Dialogue and critical thinking: Undergraduate academic writing and dialogue (Co-PI)
With Sigal Ben Porath, Ariana Zeitlin and Tom Nachtingal
This study looks at how dispositions for dialogue are developed among undergraduate students at the University of Pennsylvania. The purpose of this study is twofold: 1) to evaluate if, and to what extent, Paideia-designated seminars foster student development of dispositions needed to engage in dialogue across differences; 2) to examine the specific programmatic and pedagogical elements of Paideia-designated seminars that are contributing to student dispositional development. The findings and insights from this evaluation will inform dialogue-centered programming at the University of Pennsylvania and expand knowledge more broadly about the effects of college-level courses focusing on dialogue. It will identify key program components that are most effective towards cultivating student dispositions such as curiosity, humility, and empathy.

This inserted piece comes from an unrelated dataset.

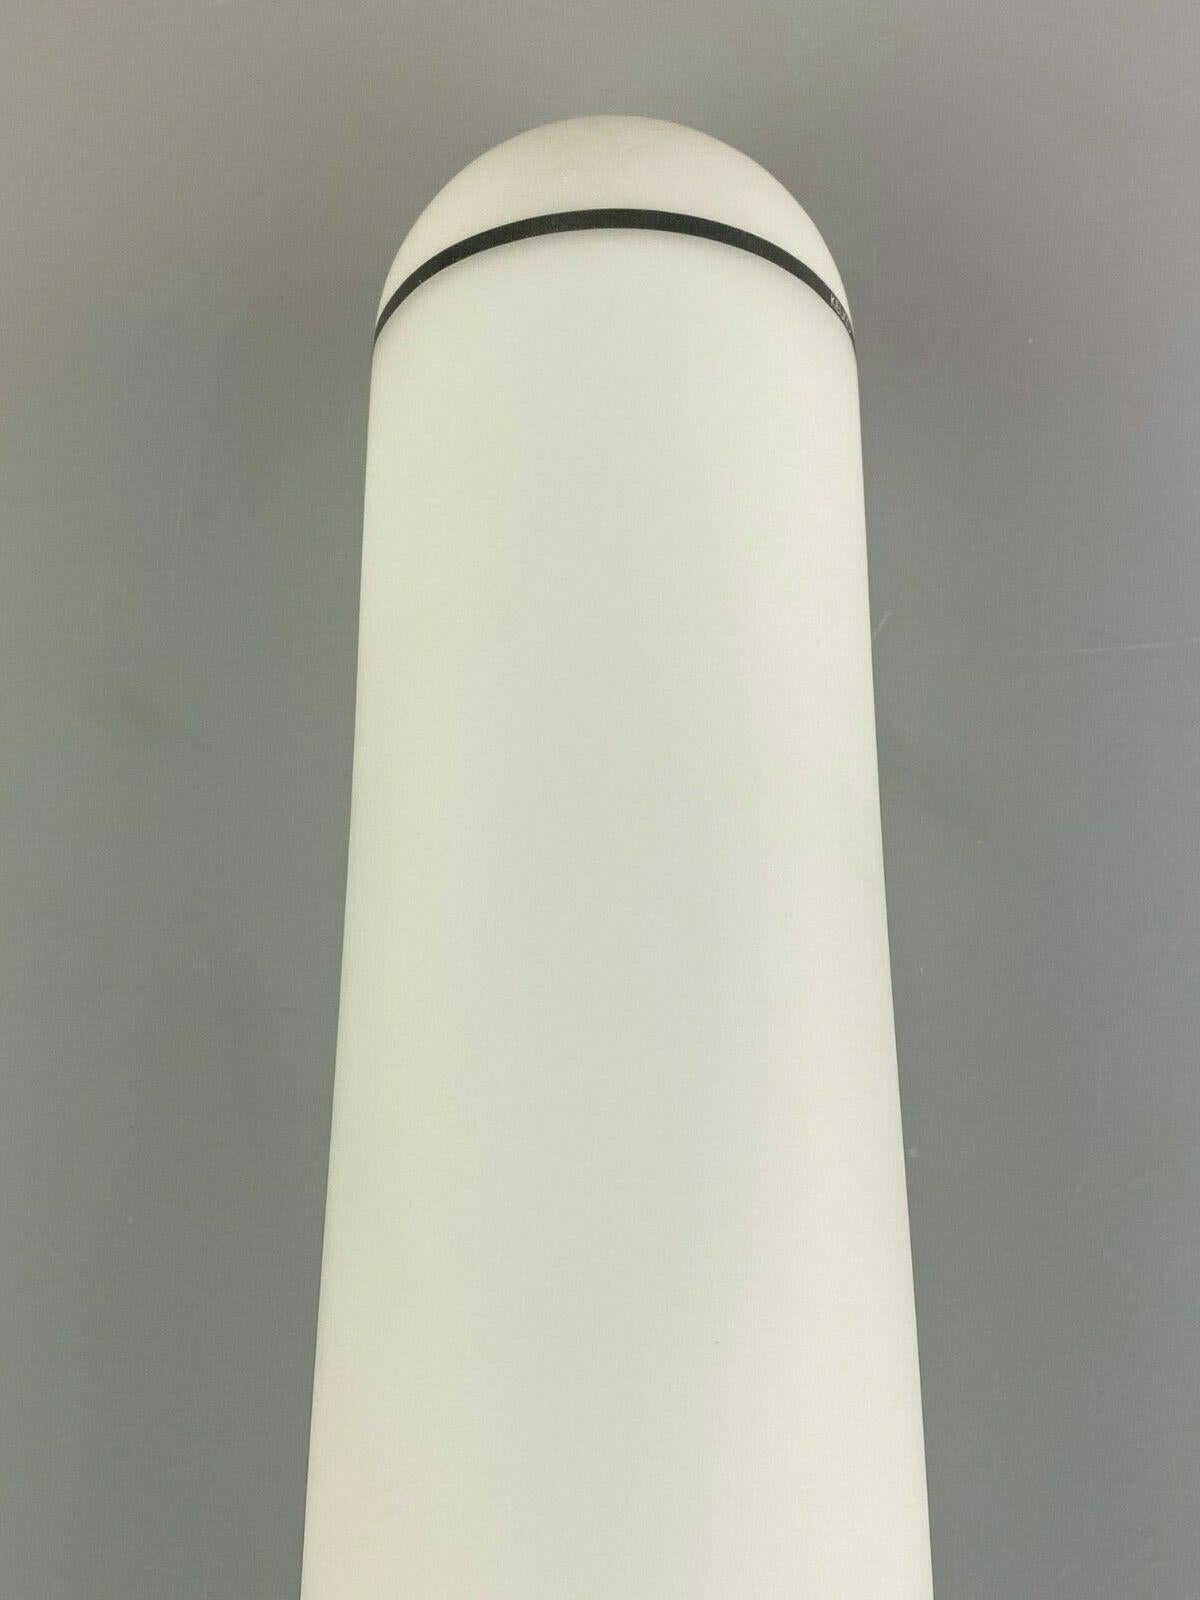 80er Jahre Lampe Licht Wandlampe Wandleuchte Opalglas Weiß Metall Design (Deutsch)

Walking to School: Planning for Educational Facility Location in Urban Malawi (Co-PI)
With Tamara Kerzhner and Shahar Livne
In Malawi, going to school is the most common trip taken by children, typically on foot, exposing them to various risks. Managing children’s travel burdens significantly affects household costs, time, and safety concerns. Despite these challenges, urban planning rarely considers school locations, with decisions driven by legislation, land availability, and profitability. Using an interdisciplinary approach, combining the sociology of school choice and the geography of walkability to explore the relationship between school access and urban mobility. The study involves interviews, surveys of parents and caregivers on school choice, and walking interviews with children to capture their daily experiences of walking to school.